YOUR ASSIGNMENT -> Please give all of the data again, character for character, and drop the pictures.

RECORDED INFORMATION ->
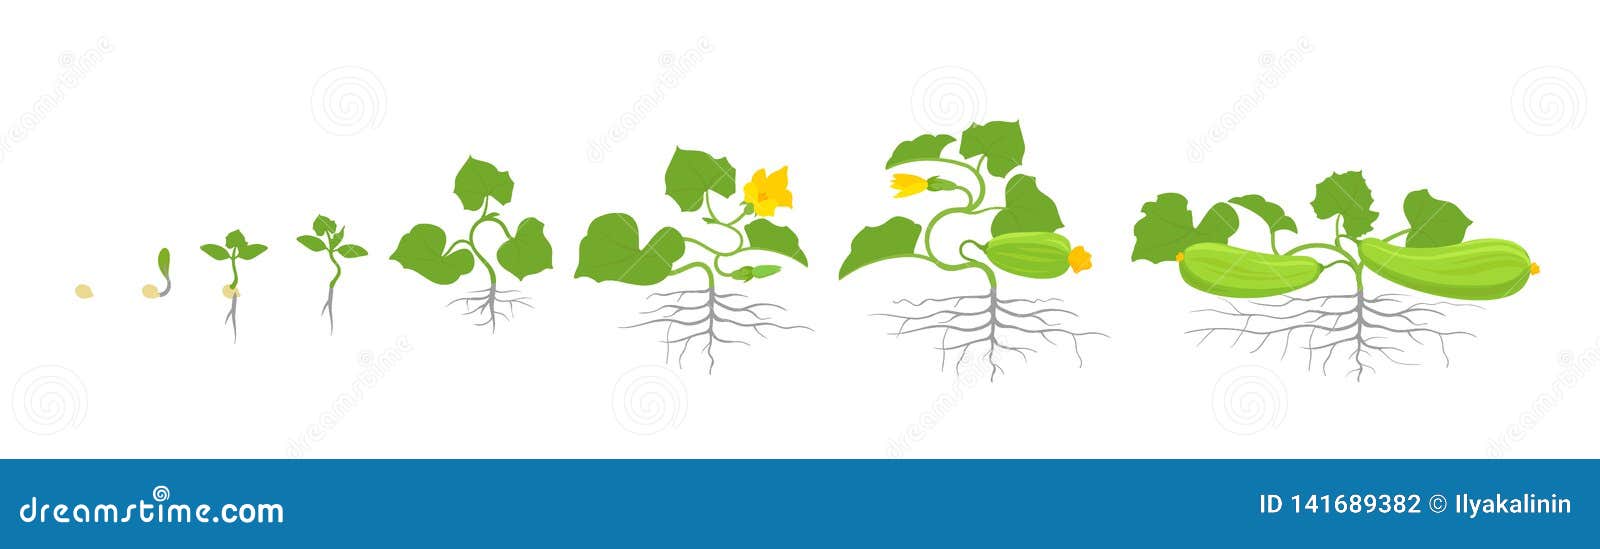 Sự phát triển của zucchini: Zucchini nhanh như thế nào?
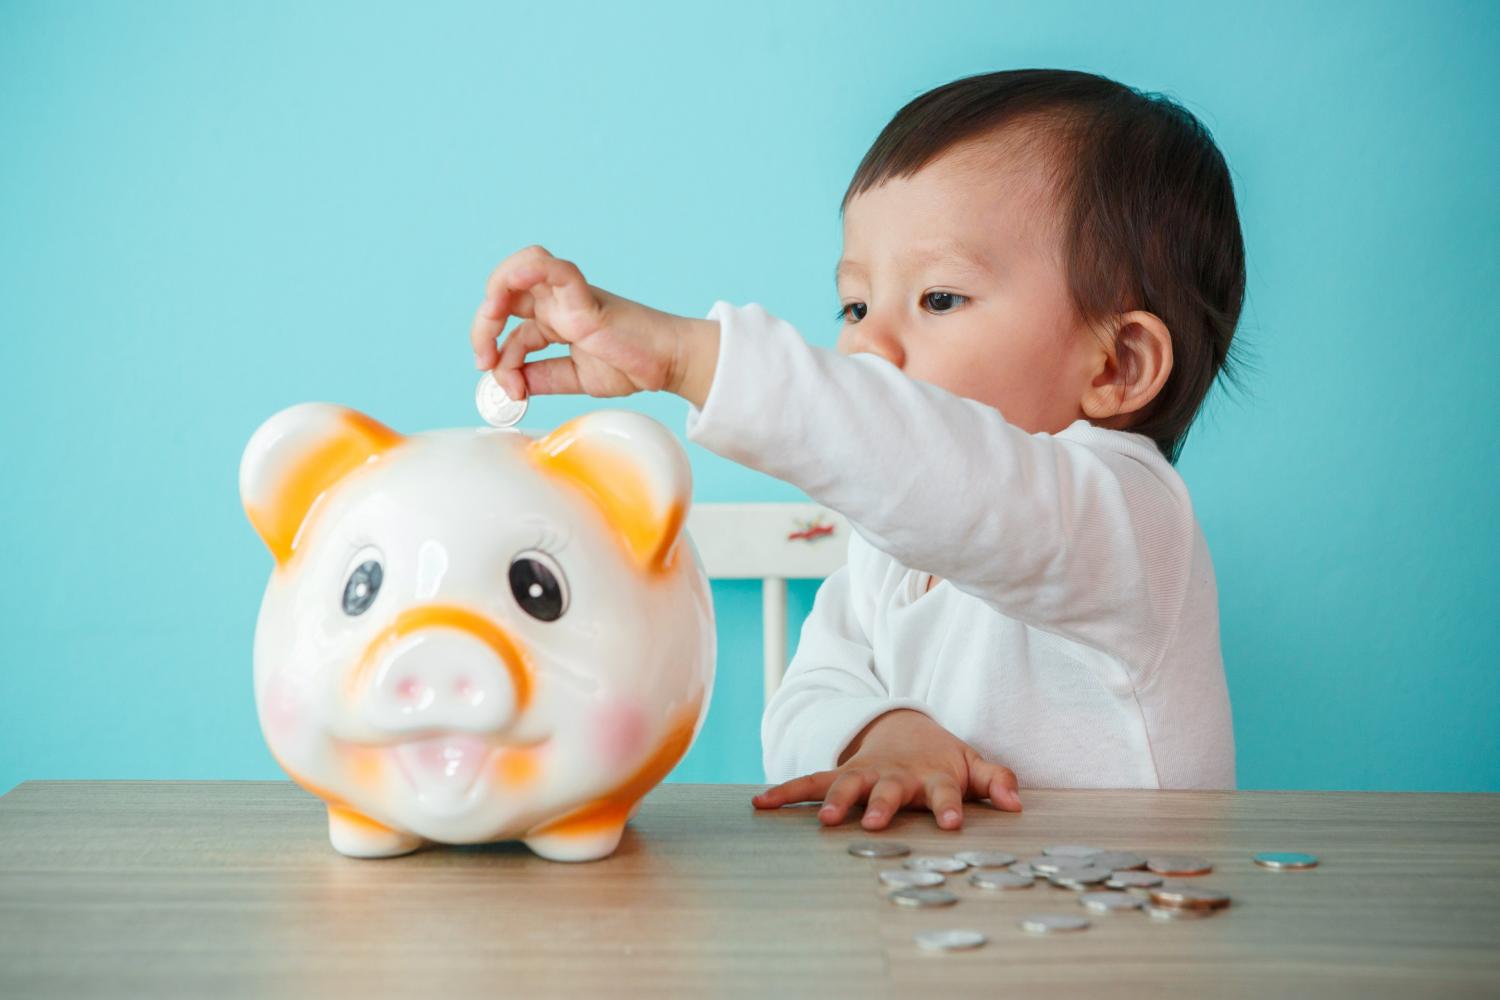 Baby putting money in a piggybank
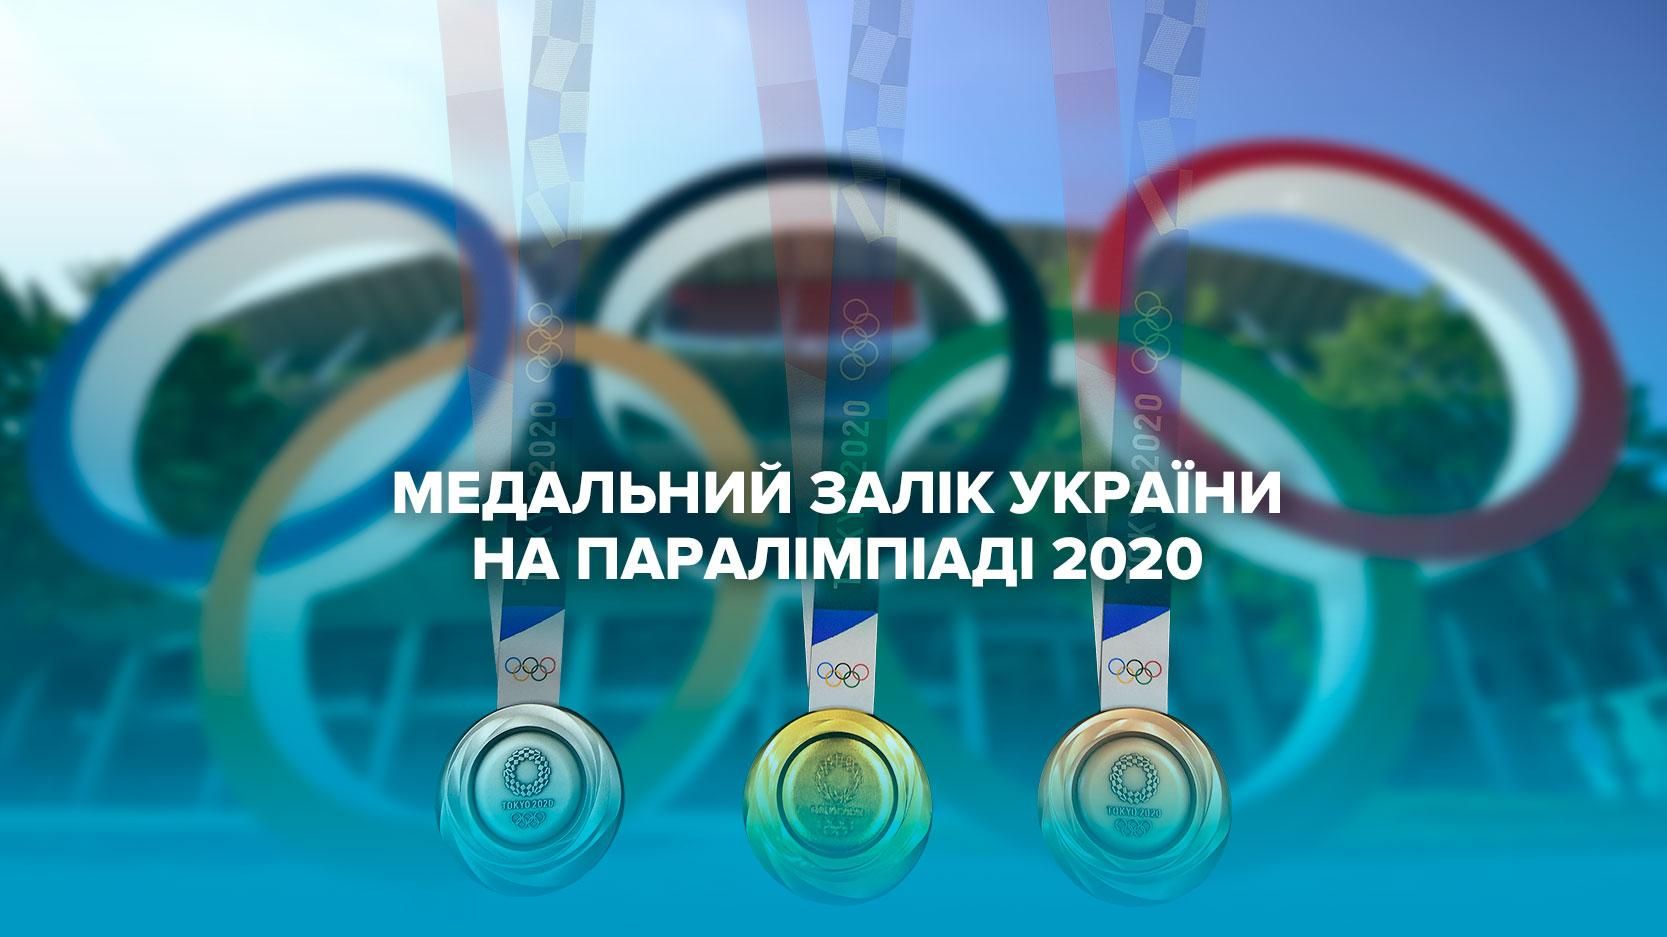 Паралимпиада 2020, Токио - медальный зачет Украины

REPLY TO THE TASK ->
 Sự phát triển của zucchini: Zucchini nhanh như thế nào?
 Baby putting money in a piggybank
 Паралимпиада 2020, Токио - медальный зачет Украины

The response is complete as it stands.